* [Your instructions]
Exactly the lines below, starting with the one containing "Международный день семьи." and going on through the one containing "Одежда для кукол", must be reproduced, both ends included, and no pictures with them.

* [Supplied data]
<<<<
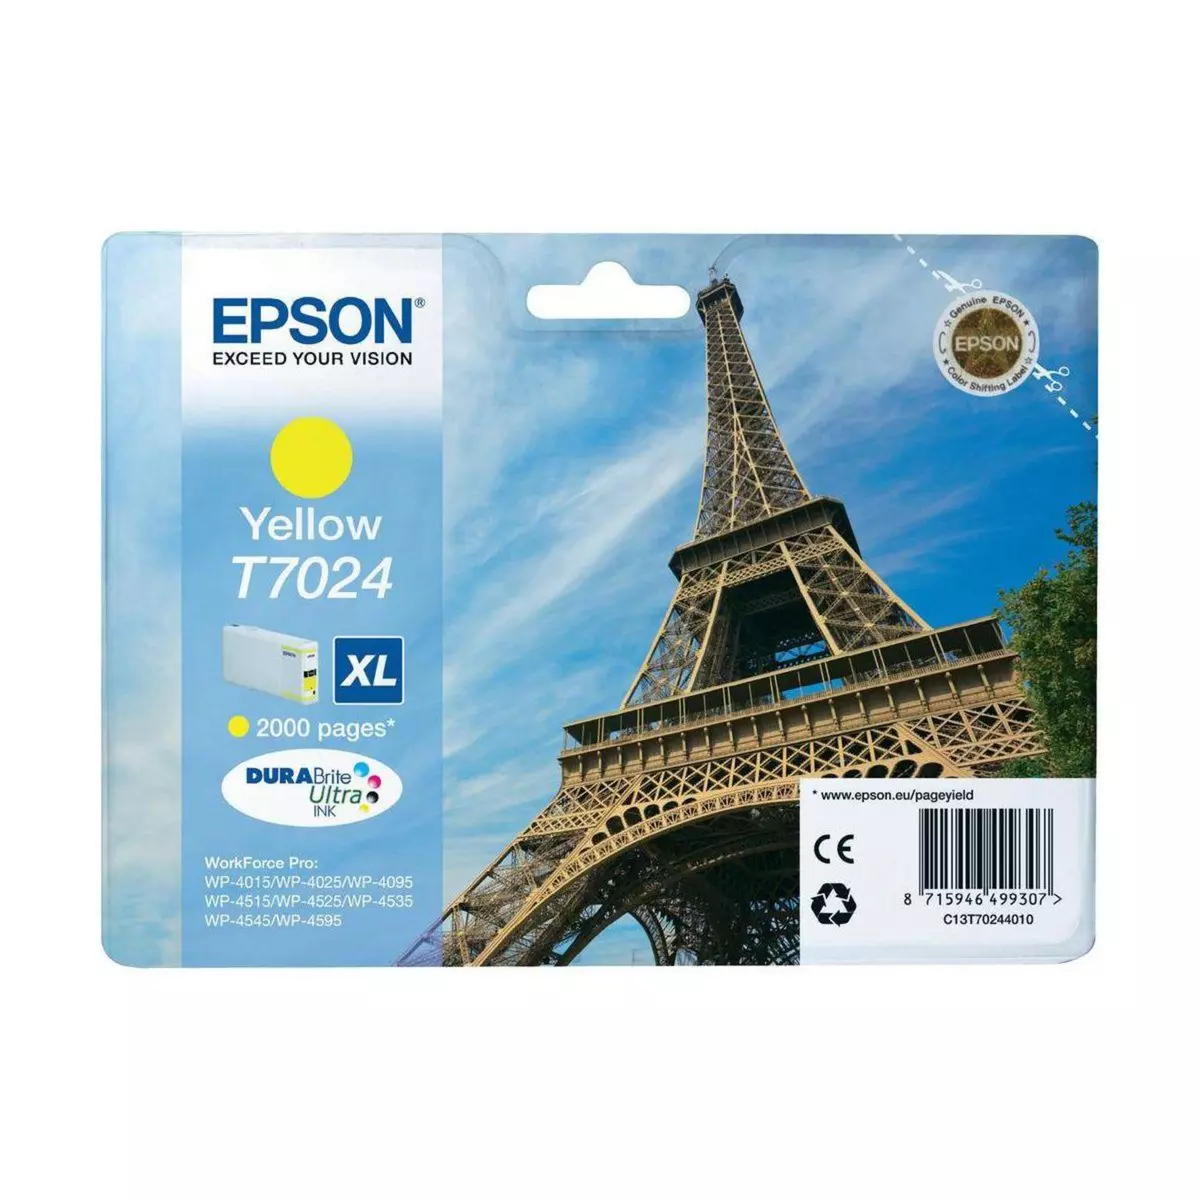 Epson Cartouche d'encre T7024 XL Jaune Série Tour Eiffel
>>>>
<<<<
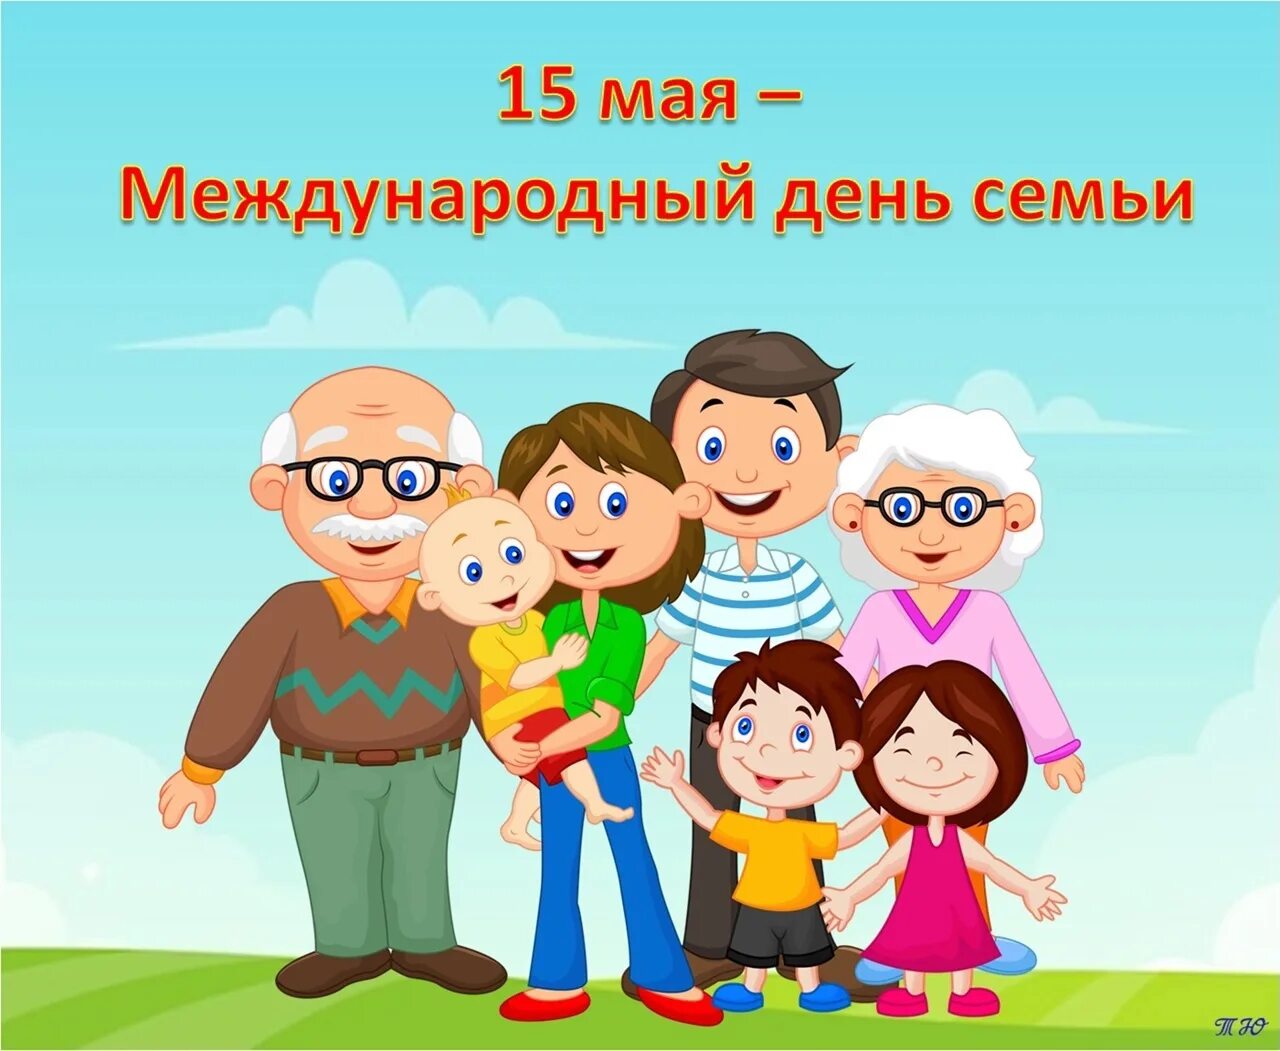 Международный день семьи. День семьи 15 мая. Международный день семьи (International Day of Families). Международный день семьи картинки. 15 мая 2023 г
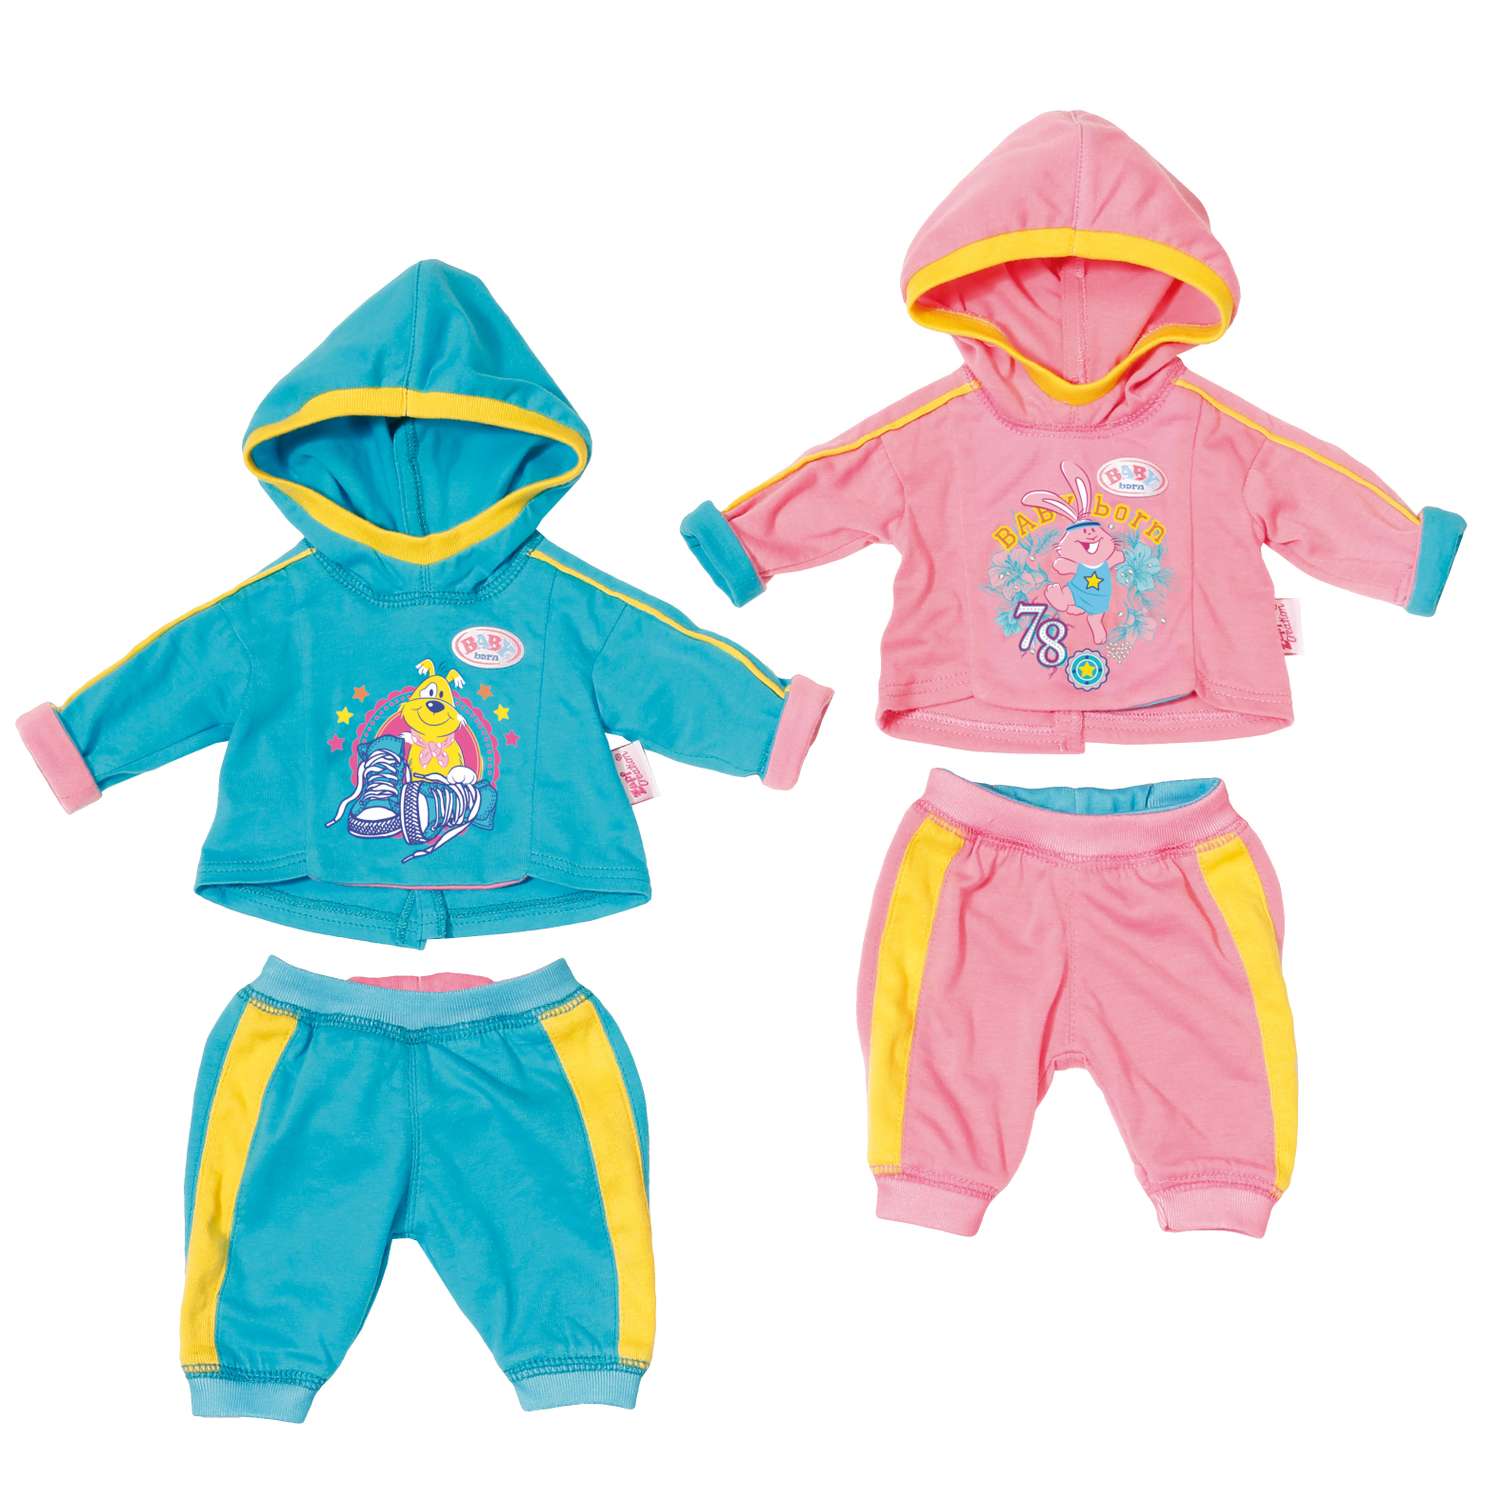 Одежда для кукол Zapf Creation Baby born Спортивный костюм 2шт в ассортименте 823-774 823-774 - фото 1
>>>>
* [Answer space]
 Международный день семьи. День семьи 15 мая. Международный день семьи (International Day of Families). Международный день семьи картинки. 15 мая 2023 г
 Одежда для кукол Zapf Creation Baby born Спортивный костюм 2шт в ассортименте 823-774 823-774 - фото 1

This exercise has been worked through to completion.